The model explains a significant amount of variance which is indicated by the F-statistic value and it’s correponding p-value, F(8, 1329)= 500.8, p< 0.01. Now to run diagnostics on the model. Statsmodels already provides some model diagnostics which are the omnibus test (measuring amount of explained variance), Durbin-Watson test (measuring a relationship between values separated by a time lag), Jarque-Bera test (test of normality), and the Condition Number (measure of multicollinearity).

Diagnosing Multicollinearity

Now let’s check for multicollinearity. When checking, it doesn’t really matter if the correlations are significant or not since that is not the purpose of running a correlation analysis in this context.

df.corr()

 

age bmi children charges sex smoker region_northeast region_northwest region_southeast region_southwest
age 1.000000 0.109272 0.042469 0.299008 0.020856 -0.025019 0.002475 -0.000407 -0.011642 0.010016
bmi 0.109272 1.000000 0.012759 0.198341 -0.046371 0.003750 -0.138156 -0.135996 0.270025 -0.006205
children 0.042469 0.012759 1.000000 0.067998 -0.017163 0.007673 -0.022808 0.024806 -0.023066 0.021914/td>
charges 0.299008 0.198341 0.067998 1.000000 -0.057292 0.787251 0.006349 -0.039905 0.073982 -0.043210
sex 0.020856 -0.046371 -0.017163 -0.057292 1.000000 -0.076185 0.002425 0.011156 -0.017117 0.004184
smoker -0.025019 0.003750 0.007673 0.787251 -0.076185 1.000000 0.002811 -0.036945 0.068498 -0.036945
region_northeast 0.002475 -0.138156 -0.022808 0.006349 0.002425 0.002811 1.000000 -0.320177 -0.345561 -0.320177
region_northwest -0.000407 -0.135996 0.024806 -0.039905 0.011156 -0.036945 -0.320177 1.000000 -0.346265 -0.320829
region_southeast -0.011642 0.270025 -0.023066 0.073982 -0.017117 0.068498 -0.345561 -0.346265 1.000000 -0.346265
region_southwest 0.010016 -0.006205 0.021914 -0.043210 0.004184 -0.036945 -0.320177 -0.320829 -0.346265 1.000000

 

There are no strong correlations between the IVs meaning there is no need to worry about multicollinearity.

Diagnosing Normality

For regressions, the test of normality applies to the model’s residuals and not the variables themselves.
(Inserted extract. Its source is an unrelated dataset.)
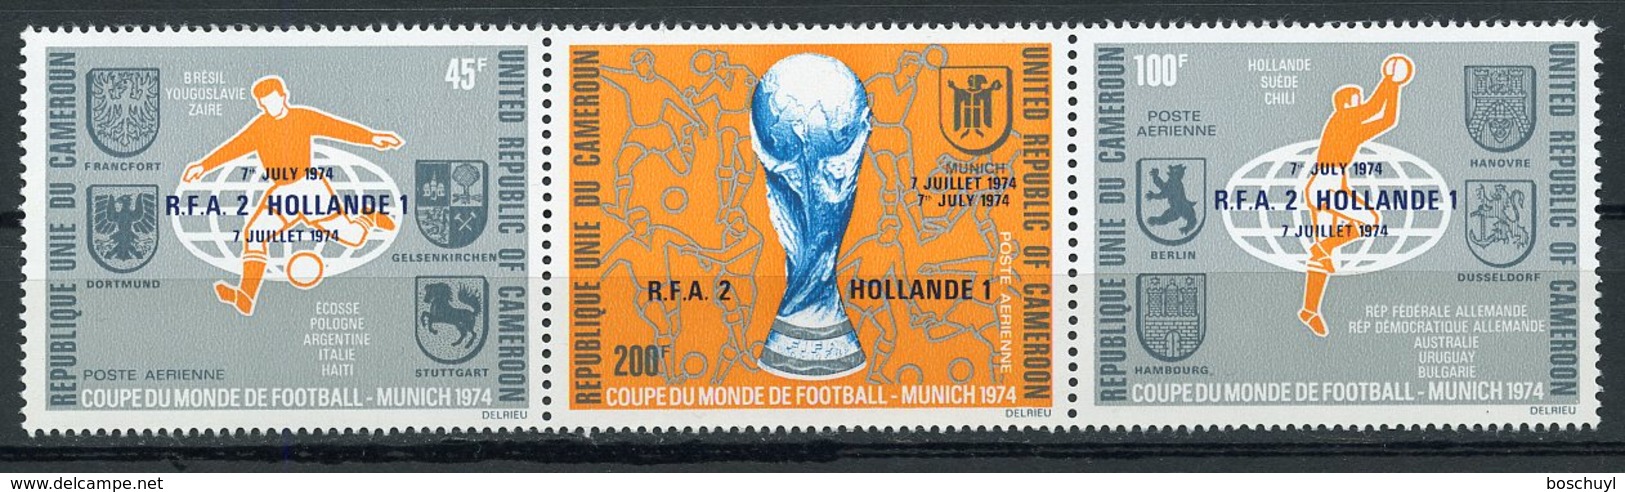 Cameroun, 1974, Soccer World Cup Germany, Football, MNH Overprinted Strip, Michel 777-779 - Camerun (1960-...)

This can be tested visually by plotting the residuals as a histogram, and/or using a probability plot. I will show how to visually inspect the residuals using a probability plot. If you are unfamiliar with how to read a probability plot, the residuals which will be represented as dots (in blue) should fall on the red line.

stats.probplot(model.resid, plot= plt)
plt.title("Model1 Residuals Probability Plot")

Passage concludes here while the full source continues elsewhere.